Diceva che non c’è un problema di finanza ma piuttosto un problema di collegare queste pmi al resto del mondo. Le tecnologie possono aiutare e in che modo?
“Mettendomi nei panni di un investitore che vuole stabilire contatti commerciali in mercati che non conosce, vedo che per vari Paesi, per vari mercati, manca in primo luogo l’informazione. Pensiamo a quei mercati in cui, per esempio, manca tecnologia o in cui la società non è quotata, mercati insomma in cui operano magari società buone ma per le quali non è facile reperire informazioni: l’investitore non ha conoscenze adeguate e possono prevalere idee o concetti sulle realtà, c’è paura a entrare in questi mercati e si ripiega su altre opzioni. Attori come noi o altri che invece hanno presenza sul territorio, hanno contatti con i soggetti operanti in questi mercati, nelle economie locali, hanno modo di promuovere queste realtà e identificare certe opportunità. Ecco il collegamento con il digitale. Noi pensiamo che ci sia il modo di capitalizzare queste conoscenze su una piattaforma digitale sulla quale le piccole e medie imprese possono mettere le proprie informazioni, andando più in là del nome della compagnia o dell’indirizzo, fino ad arrivare non dico a un rating ma a qualcosa di preliminare.

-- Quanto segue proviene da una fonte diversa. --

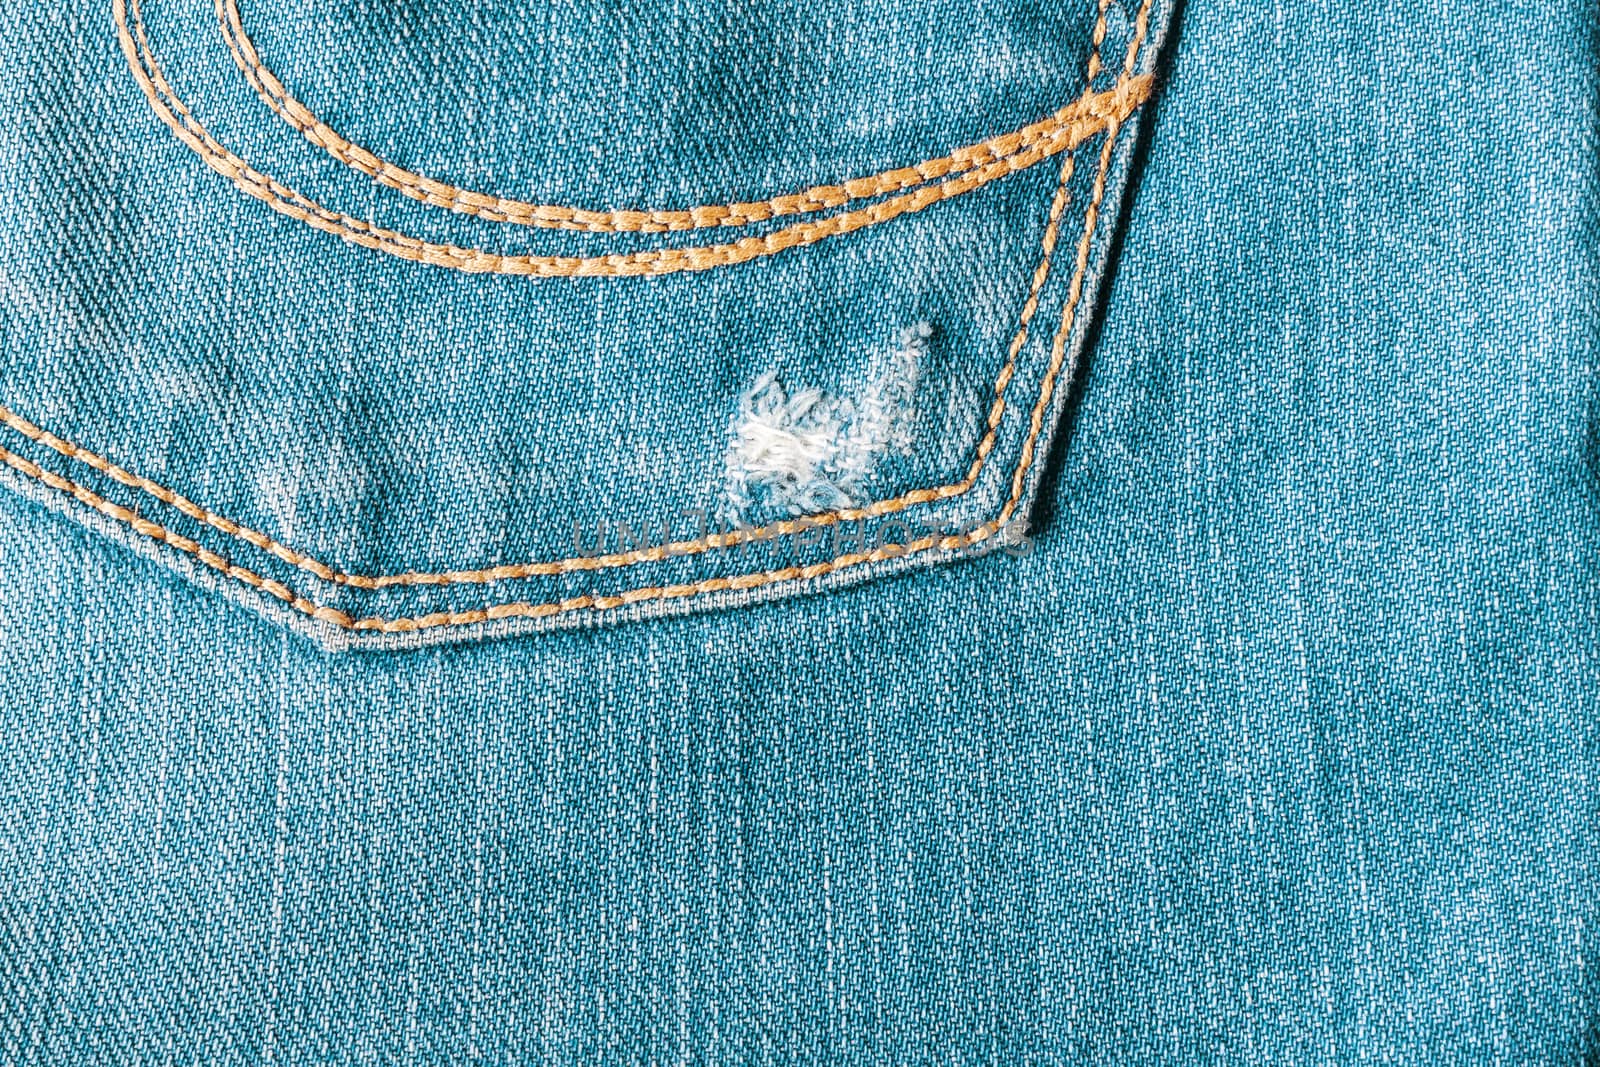 Jeans close-up, old, pocket back, front, crumpled, ragged. by Tanacha

Nella mia agenzia pensiamo a questo primo strumento, una piattaforma dove le pmi possono elevare le proprie informazioni su cui noi possiamo esprimere un giudizio qualitativo e quantitativo, dando indicatori finanziari, connessi al mercato. Quello che vogliamo è incentivare gli scambi, per questo infatti vorremmo chiamare la piattaforma Agorà”.
Una contemporanea diffusione del digitale in Africa è essenziale, cosa che sta avvenendo.

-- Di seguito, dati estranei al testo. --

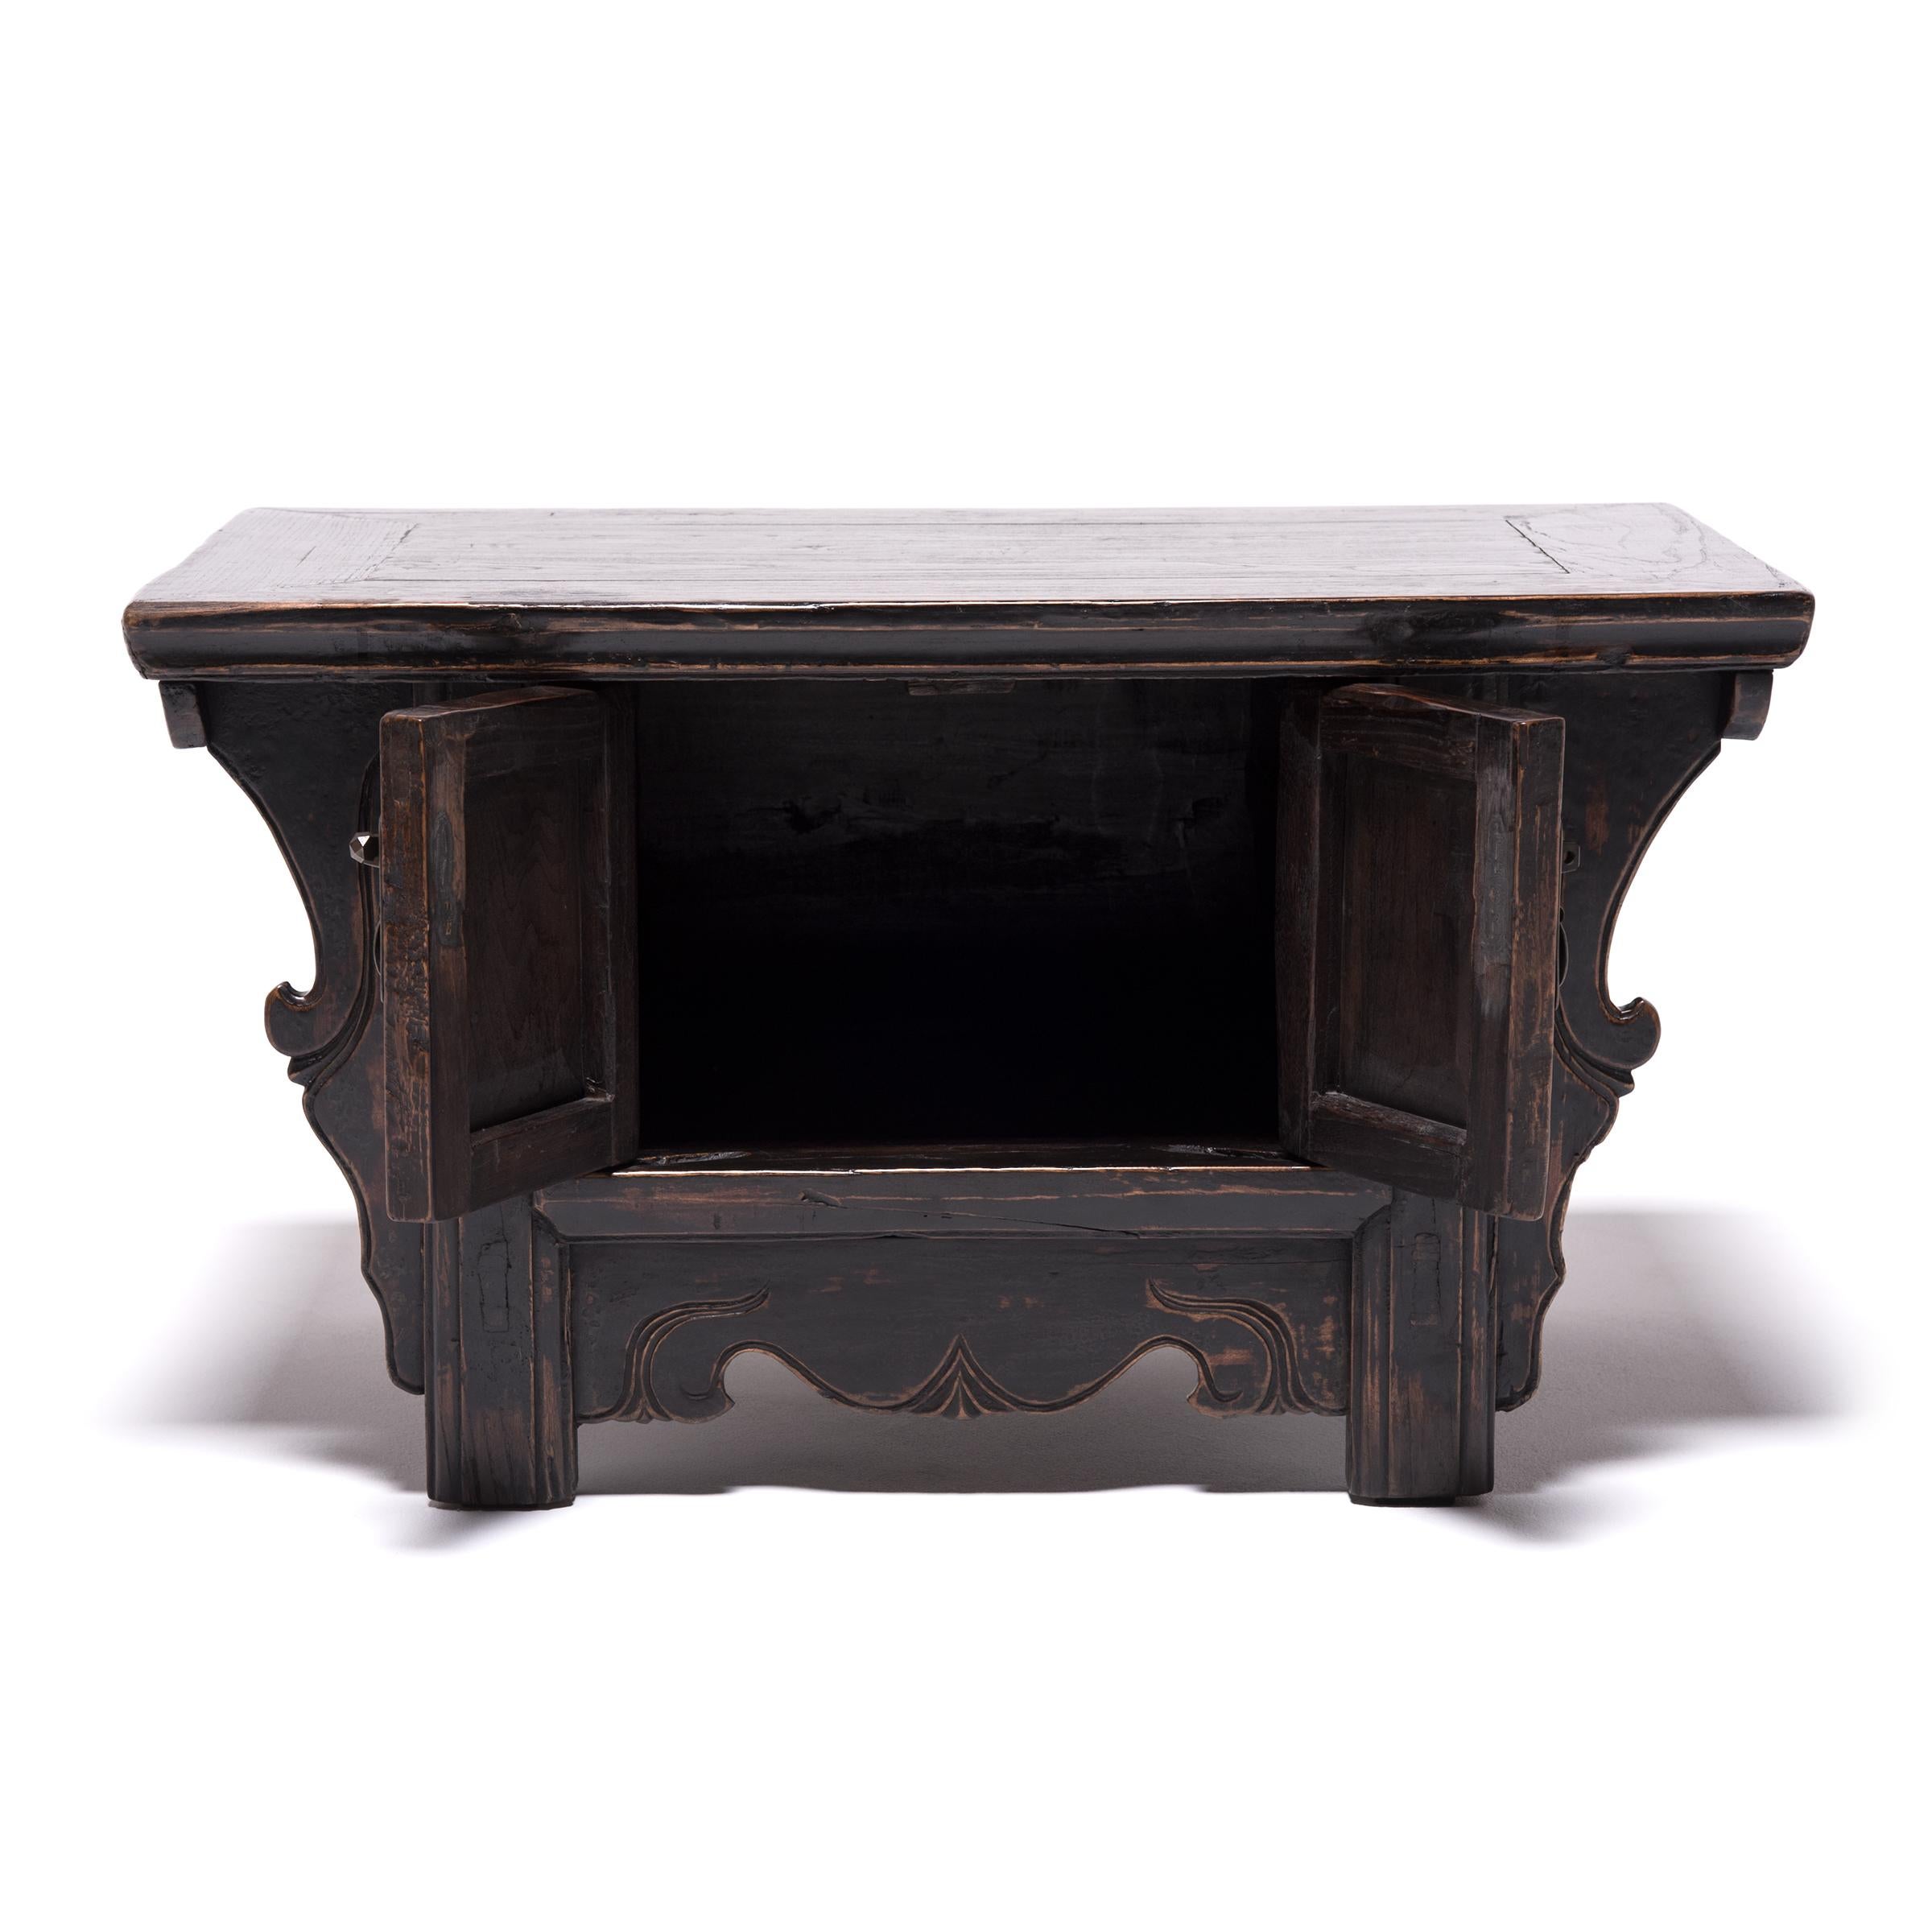 In a traditional northern Chinese home, a chest like this would have been placed beside a raised platform called a kang, which was used as a sleeping and living area. The cabinet would have kept essential items close at hand in intimate spaces. The

“Certo, e ripeto che ormai la penetrazione della telefonia cellulare è molto alta. In Burundi ricordo che c’erano pannelli solari e attaccati non so quante decine di cellulari. Questo implica la possibilità di usufruire di tutti i servizi che vogliamo, di veicolare offerte imprenditoriali. Ecco perché consideriamo la telefonia cellulare un veicolo importante per promuovere lo sviluppo”.
La cooperazione allo sviluppo è estranea a queste dinamiche o ci possono essere collegamenti? A lungo si sono percepiti come due mondi differenti e oggi in Italia si sta provando a superare questa distinzione con nuova legge sulla cooperazione, che definisce azioni di cooperazione sia le azioni condotte dalle ong che le azioni che coinvolgono anche imprese private. Questa situazione è applicabile nelle dinamiche che sta descrivendo?
Oh sì, c’è una grande convergenza e questa convergenza si sta accentuando. Ricordo che in passato si parlava solamente di responsabilità sociale imprenditoriale. Oggi andiamo, non dico verso una simbiosi, ma sicuramente c’è una maggiore presa di coscienza; da parte nostra prima si guardava l’impatto ma non la progettazione economica e non accettavamo che un attore economico potesse avere un’attività congiunta con noi per un profitto privato; ora c’è una diversa accettazione e se parliamo di sostenibilità deve essere in termini di impatto e se parliamo di lavorare con il privato deve esserci un ritorno perché questo è un elemento di sostenibilità. Questo in tema di cultura istituzionale si vede dappertutto nella cooperazione allo sviluppo, è elemento fondamentale perché oggi la cooperazione internazionale sta lavorando in una dinamica di derisking, ossia preparare investimenti per elevarli a fasi ulteriori di investimento; un progetto che prendiamo nella fase iniziale con dotazione di capitale piuttosto di donazione, di appoggio tecnico, di crediti in termini agevolati, poi arriverà a una fase di maturità in cui avrà bisogno di passare a una scala superiore e potrà farlo solo con capitale commerciale. Qui ci si passa il testimone e questa è una relazione importante, ognuno si occupa di una fase e arriva il momento in cui deve subentrare l’investitore o il partner privato”.